Eventually little public housing was built and the land that was cleared for it just became reoccupied with new settlements of favela dwellers. In 1955, Dom Hélder Câmara, Archbishop of Recife and Auxiliary Bishop of Rio de Janeiro, launched the Cruzada São Sebastião (St. Sebastian's Crusade), a federally financed project to build an apartment complex in the biggest favela at the time, Praia do Pinto. The goal of the Cruzada was to transform favela dwellers into more acceptable citizens by only housing those willing to give up the vices associated with favela life. One was in Praia do Pinto and the other in the favela of Rádio Nacional in Parada de Lucas.[21]

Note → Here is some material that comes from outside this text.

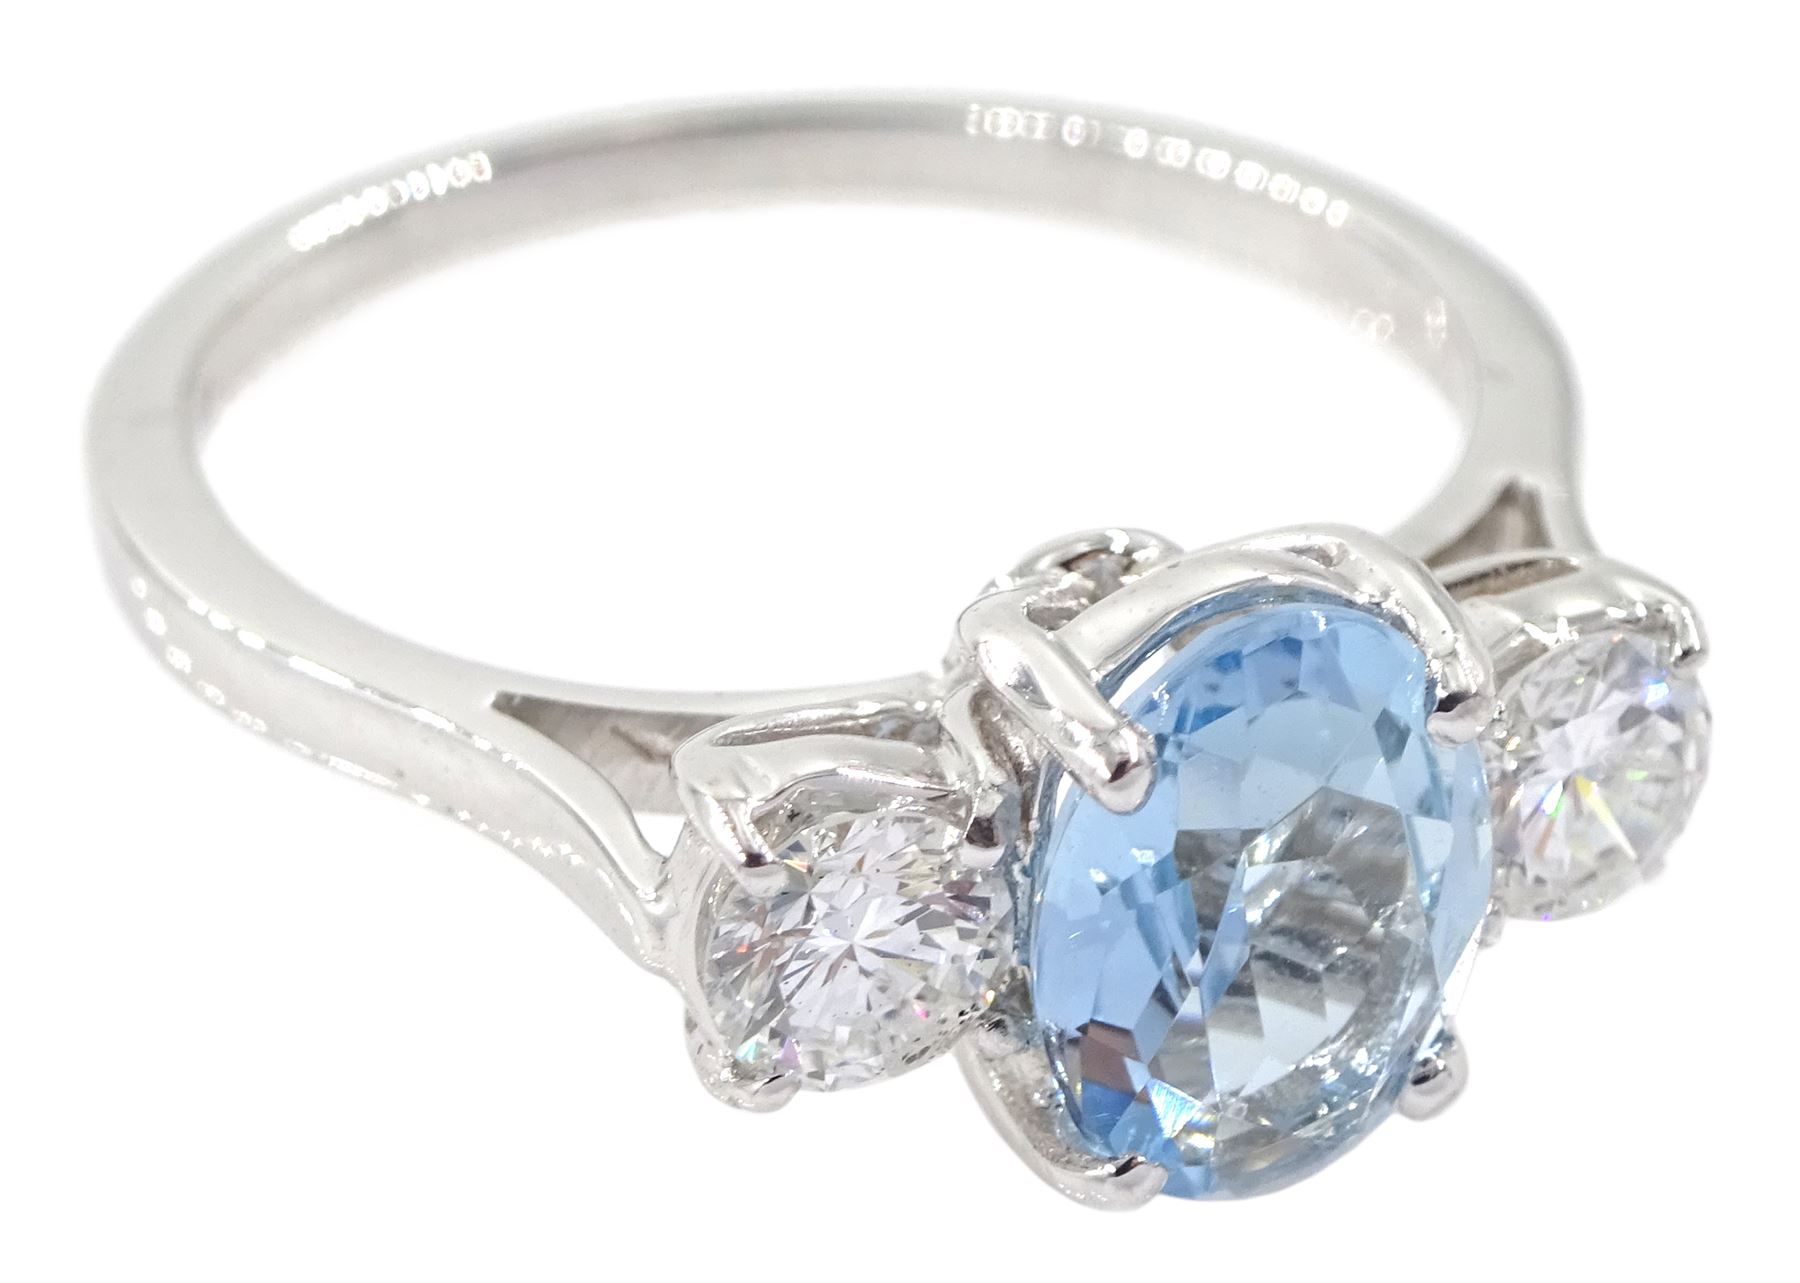 18ct white gold three stone oval aquamarine and round brilliant cut diamond ring - Image 3 of 4

Removal programs of the favelas flourished once again in the 1970s under the military dictatorship, disguised as a government housing program for the poor. What really happened was that more favelas were eliminated and their residents were displaced to urban territory lacking basic infrastructure.[7] The idea was to eliminate the physical existence of favelas by taking advantage of the cheaper prices of suburban land. The favela eradication programme became paralyzed eventually because of the resistance of those who were supposed to benefit from the programme and a distribution of income did not permit the poor to assume the economic burden of public housing that was placed on them.[22]

Recent developments

At times Rio de Janeiro has utilized troops to temporarily occupy favelas such as seen here in the Complexo do Alemão during the 2008 municipal elections. This is the exception rather than the rule however, particularly with the establishment of permanent community police forces (the UPPs).

In 1995, the Comitê para Democratização da Informática (now part of the Center for Digital Inclusion) started computer schools to reduce the digital divide.[23][24] In 2007, President Lula announced the Programa de Aceleração do Crescimento, a four-year investment plan, which includes the promotion of urban development for the favelas. There have been public policies aimed at the favelas from local governments. In Rio de Janeiro, programs such as the favela-barrio and Rio cidade have attempted to mitigate the problem.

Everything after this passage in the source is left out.